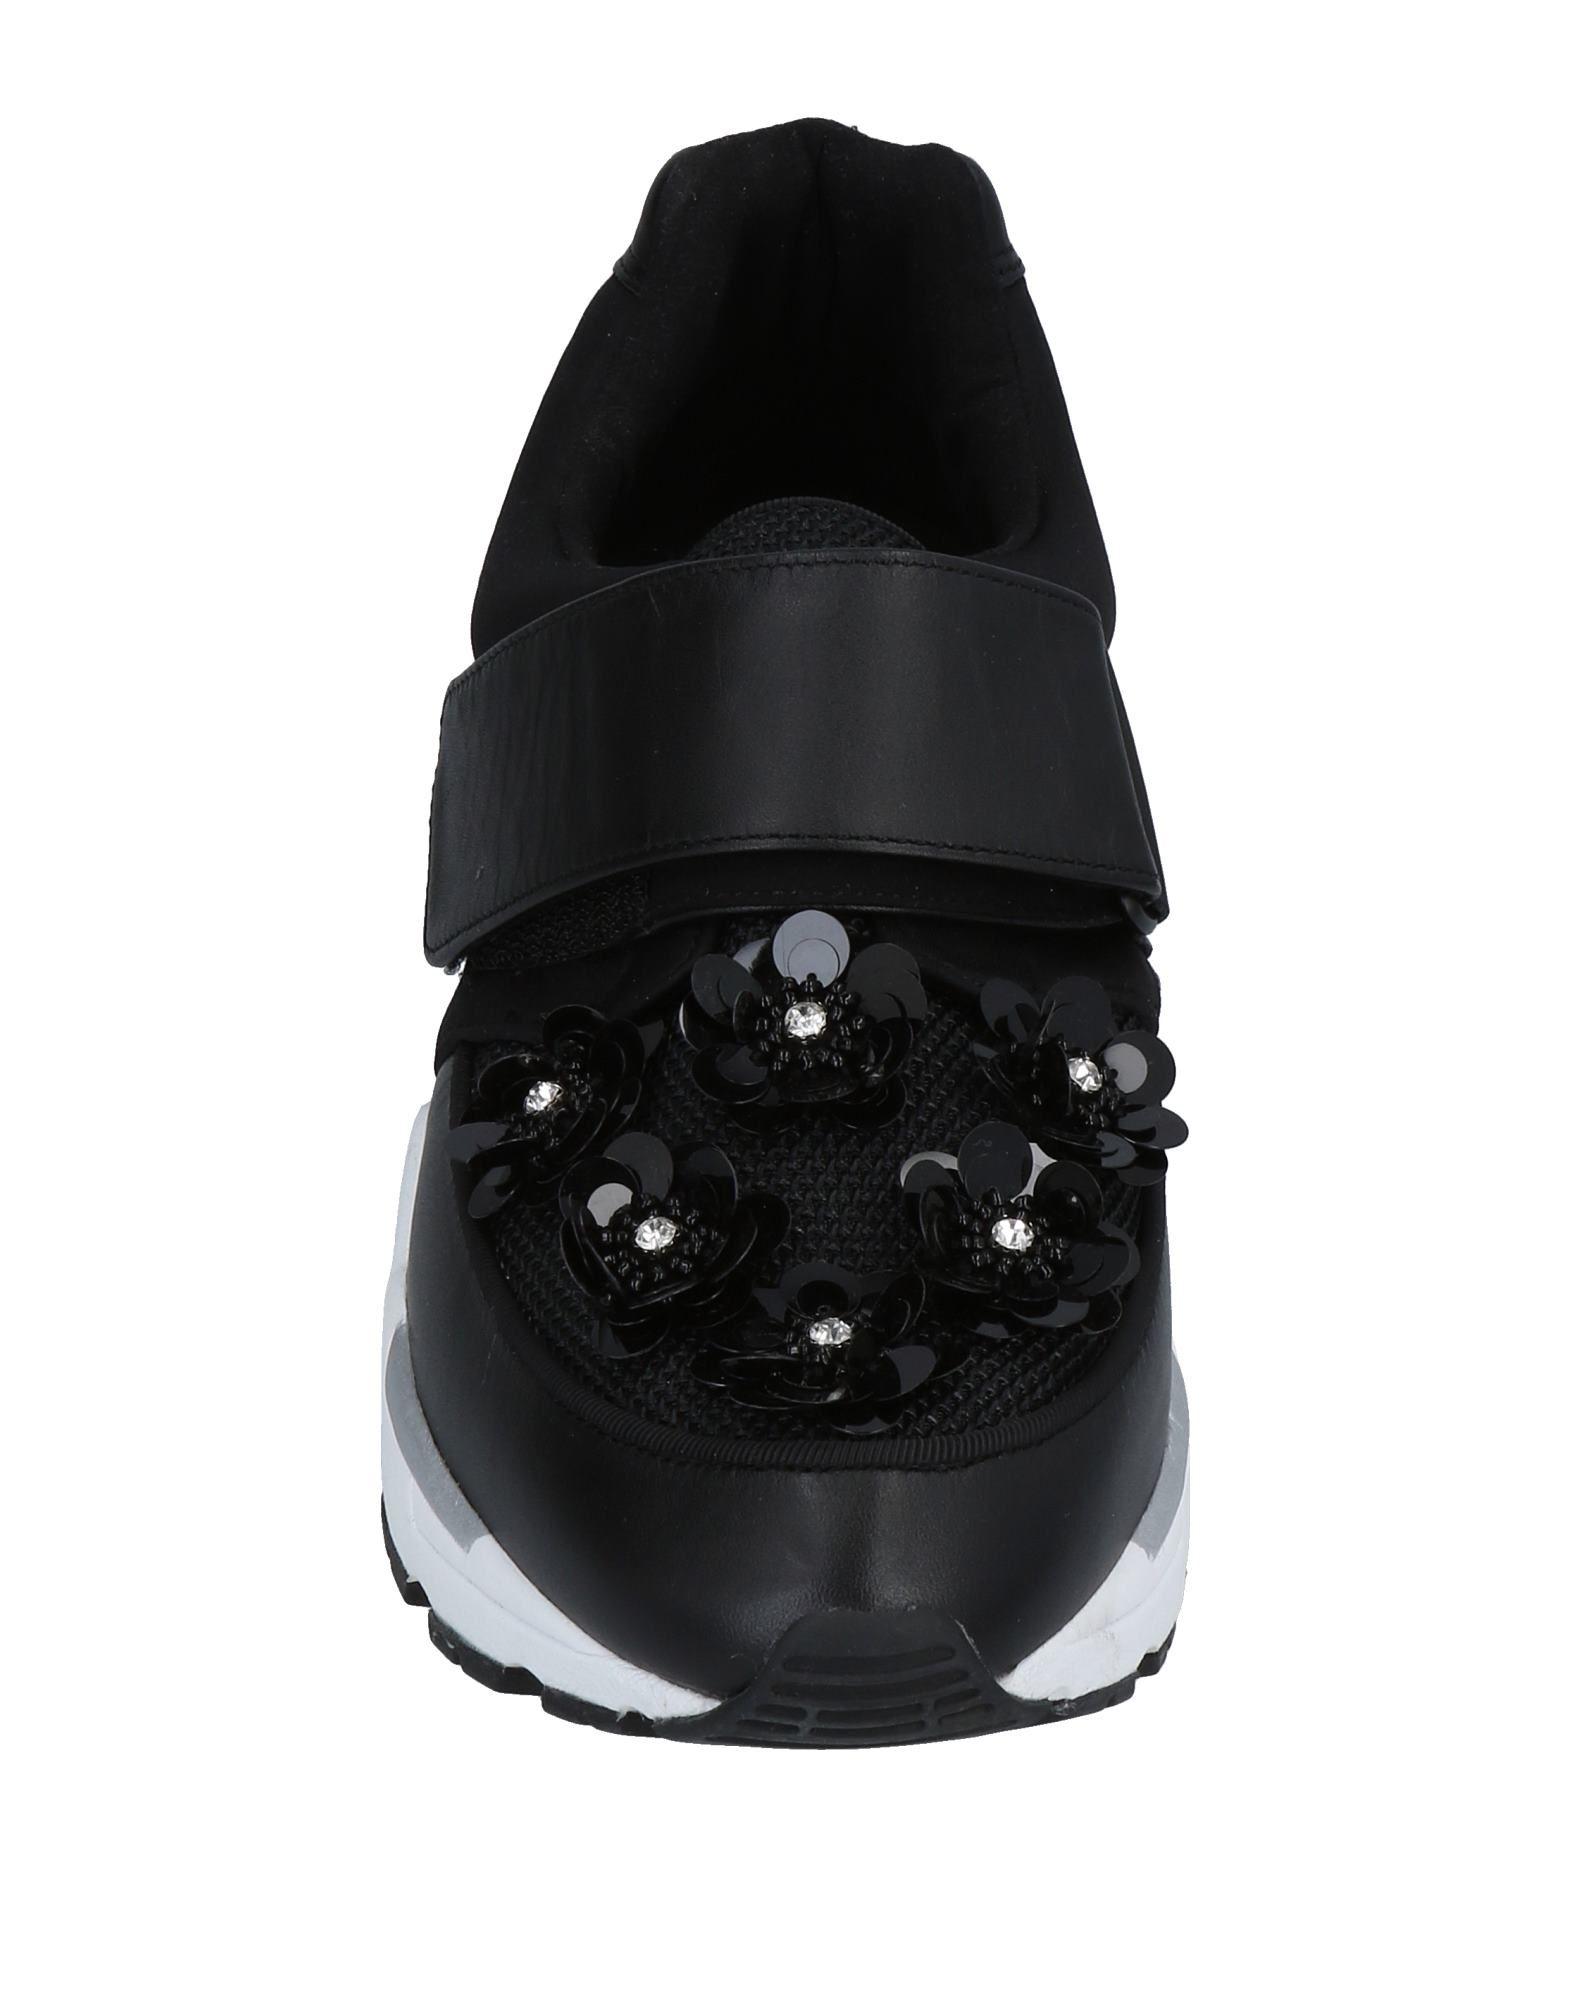 Stilvolle billige Schuhe Suecomma 11481873WE Bonnie Sneakers Damen  11481873WE Suecomma ec6506
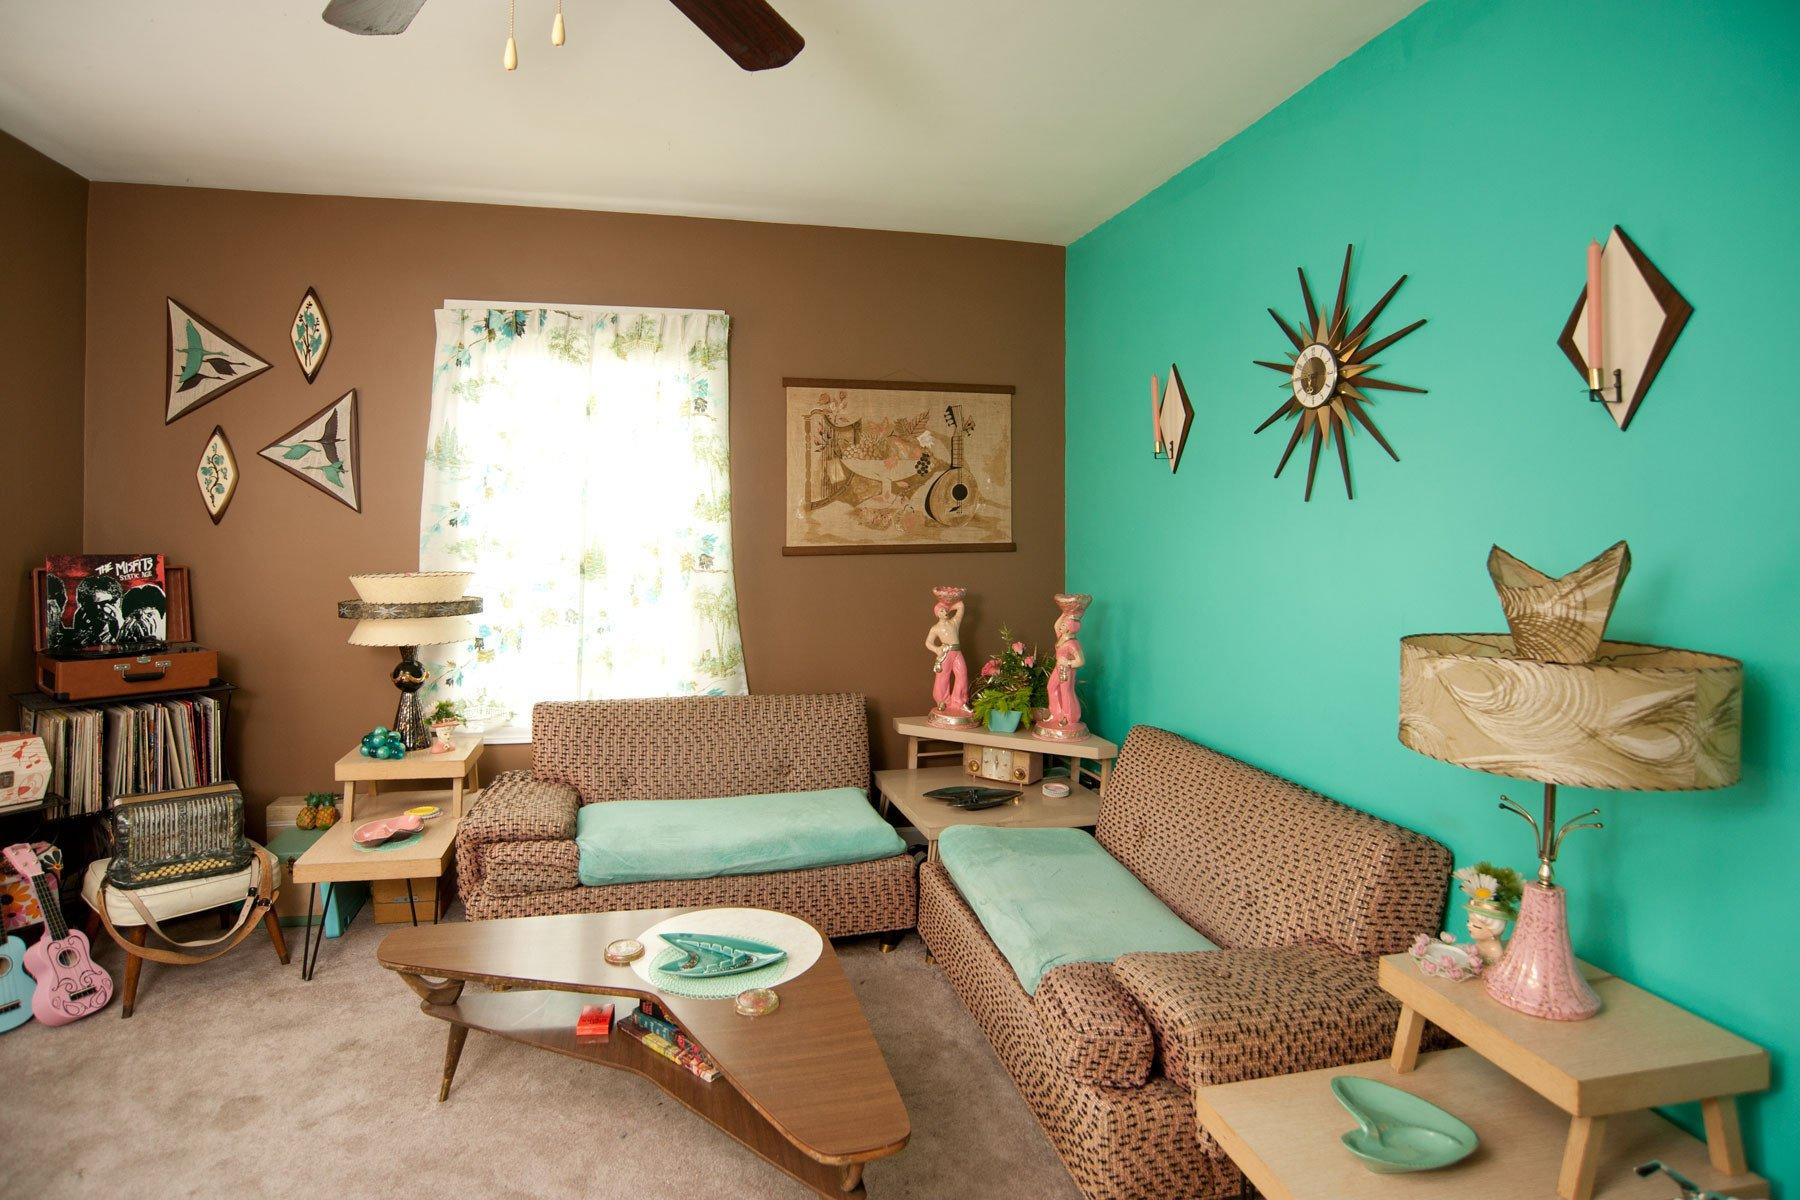 Mid Century Living Room Decor Mid Century Decor with Mandy Ness
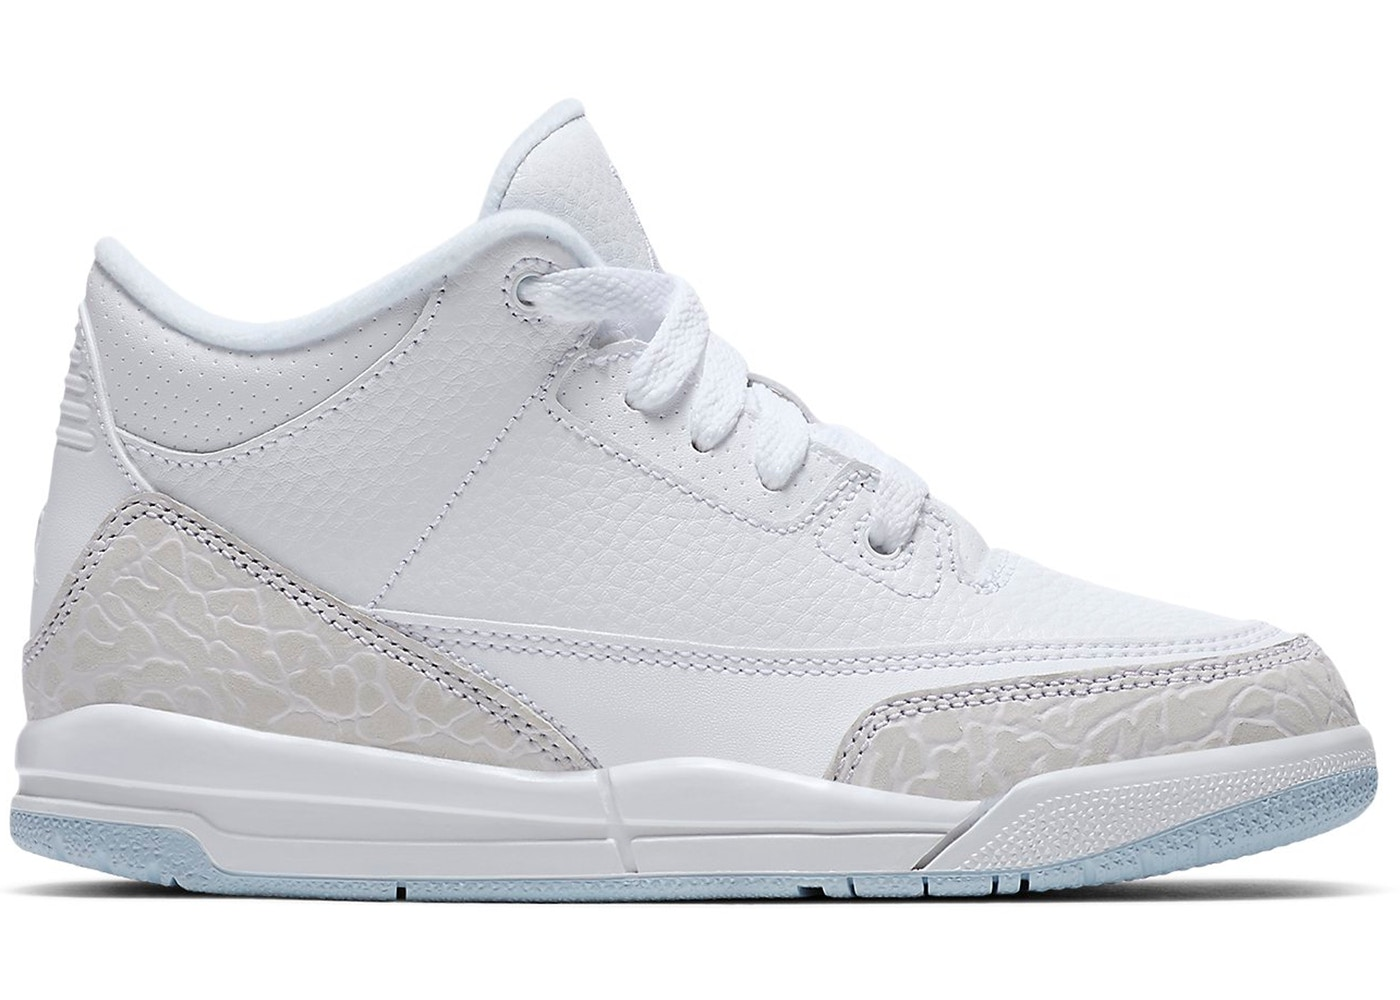 check out 4b0d9 82996 Air Jordan 3 Size 12 Shoes - Release Date
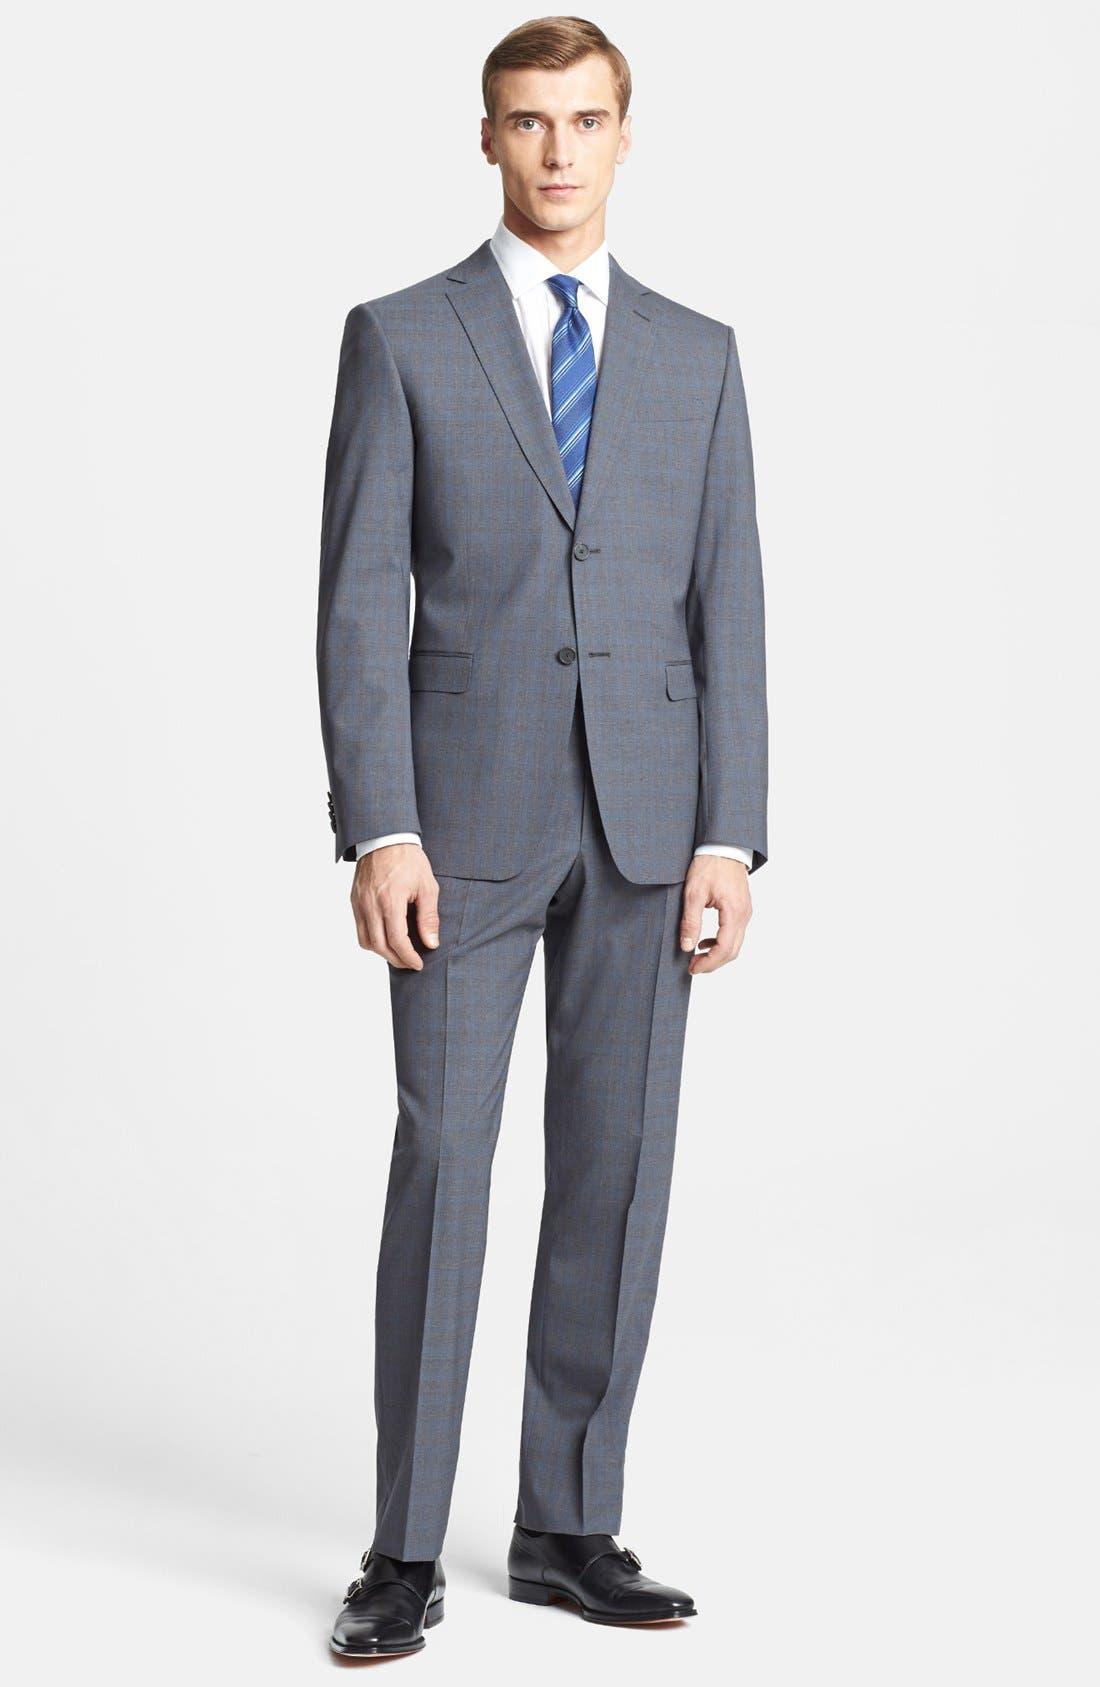 Alternate Image 1 Selected - Z Zegna Trim Fit Grey Wool Suit

——————

## Aim of the task
Every line of the material should be repeated precisely; pictures are to be excluded.

## Your response
 Stilvolle billige Schuhe Suecomma 11481873WE Bonnie Sneakers Damen  11481873WE Suecomma ec6506
 Mid Century Living Room Decor Mid Century Decor with Mandy Ness
 check out 4b0d9 82996 Air Jordan 3 Size 12 Shoes - Release Date
 Alternate Image 1 Selected - Z Zegna Trim Fit Grey Wool Suit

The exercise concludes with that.